JAKARTA - Komisi Pemberantasan Korupsi (KPK) menyebut Direktur PT Indosat (Tbk), Irsyad Sahroni tak memenuhi panggilan penyidik pada Rabu, 8 Oktober. Dia seharusnya dimintai keterangan sebagai saksi terkait dugaan korupsi pengadaan mesin EDC bank pelat merah.
“Tidak hadir,” kata Juru Bicara KPK Budi Prasetyo kepada wartawan saat dikonfirmasi, Kamis, 9 Oktober.
Budi belum memerinci alasan ketidakhadiran Irsyad. “Sedang dicek,” tegasnya.
Adapun KPK mengungkap pengusutan dugaan korupsi pengadaan mesin EDC bank pelat merah tak hanya menyasar alatnya saja. Piranti lunak atau software yang jadi sistem juga turut didalami penyidik.
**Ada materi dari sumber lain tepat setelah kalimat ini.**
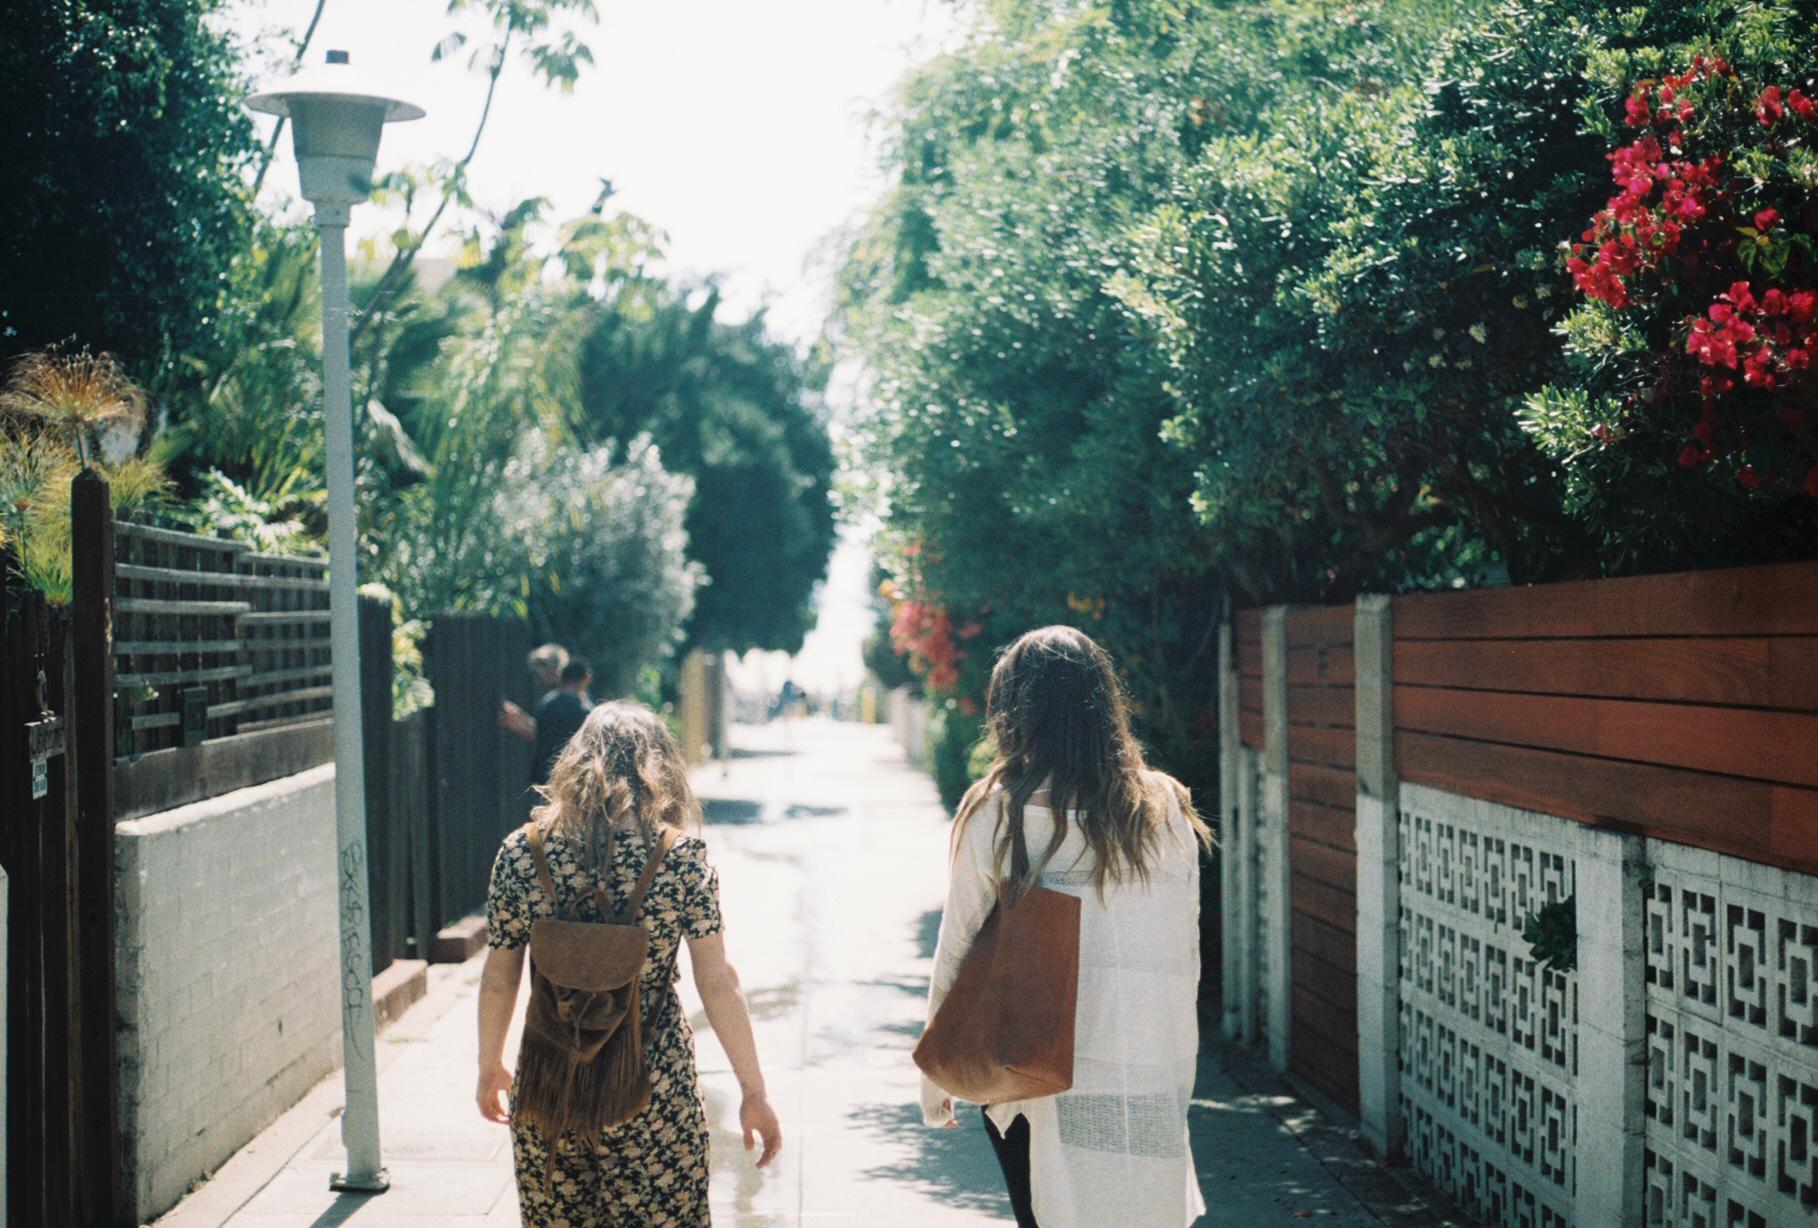 Venice, Califorinia - Michelle Essenburg, Kayley Elder

“Dalam pengadaan mesin EDC ini, ini kan ada dua mekanisme. Yang pertama dia beli putus, beli barang itu. Satu lagi dengan skema sewa. Termasuk mesin EDC ini kan hardware dan software atau seperti apa. Artinya ada sistemnya juga. Nah, itu yang semuanya juga (mau, red) didalami,” ungkap Budi dalam kesempatan terpisah.
Kondisi ini, sambung Budi, jadi dasar bagi penyidik memanggil sejumlah pihak termasuk pihak swasta. “Yang sebagai penyedia barang dan jasa dari pengadaan mesin EDC ini,” tegasnya.
Penyidik dalam kasus ini diketahui sudah memanggil sejumlah jajaran direksi perusahaan swasta.
Pada Rabu kemarin, misalnya, dipanggil Heriyadi Direktur selaku PT IP Network Solusindo; Yuliana Efendi, Direktur PT Mutu Utama Indonesia; dan Direktur PT Solusindo Global Digital Dandi Setiyawan.
BACA JUGA:
Kemudian turut dipanggil juga Royke Lumban Tobing selaku Direktur PT Spentera; Masagus Krisna Ilmaliansyah yang merupakan pengurus CV Dwipayana Teknologi Informasi; dan Dian Budi Lestari selaku Direktur PT Dimensi Digital Nusantara.
Berikutnya, penyidik juga memanggil Faisal Mulia Nasution selaku Direktur PT Fiber Networks Indonesia; CU Ian Wijaya yang merupakan Direktur PT Kawan Sejati Teknologi; dan Riski Lana selaku Direktur PT Smartnet Magna Global.
Diberitakan sebelumnya, KPK mengumumkan lima tersangka dugaan korupsi pengadaan mesin EDC. Mereka adalah Catur Budi Harto yang merupakan eks Wakil Direktur sebuah bank pelat merah; Indra Utoyo yang merupakan eks Direktur Digital Teknologi Informasi (TIK) dan Operasi bank pelat merah yang sama; serta Dedi Sunardi yang merupakan SEVP Manajemen Aktiva dan Pengadaan.
Sementara pihak swasta yang ditetapkan adalah Elvizar yang merupakan eks Direktur PT Pasific Cipta Solusi dan Rudi Suprayudi dari PT Bringin Inti Teknologi. Meski begitu, kelimanya belum dilakukan penahanan.
Adapun pengadaan mesin EDC di salah satu bank pelat merah pada periode 2020-2024 tersebut menggunakan skema beli putus dan sewa. Jumlah pengadaan mesin EDC pada skema beli putus pada periode 2020-2023 mencapai 346.838 unit dengan anggaran senilai Rp942.794.220.000.
Sedangkan skema sewa dilakukan dua kali, yakni pada 2020 untuk tiga tahun sekaligus hingga 2023 dan 2023 untuk perpanjangan 2024-2026. Total anggarannya mencapai Rp1.258.550.510.487 dengan jumlah EDC untuk kebutuhan merchant sebanyak 200.067 unit.
Untuk skema beli putus kerugian negara yang ditimbulkan mencapai Rp241.065.269.129. Sedangkan untuk skema sewa, negara merugi hingga Rp503.475.105.185.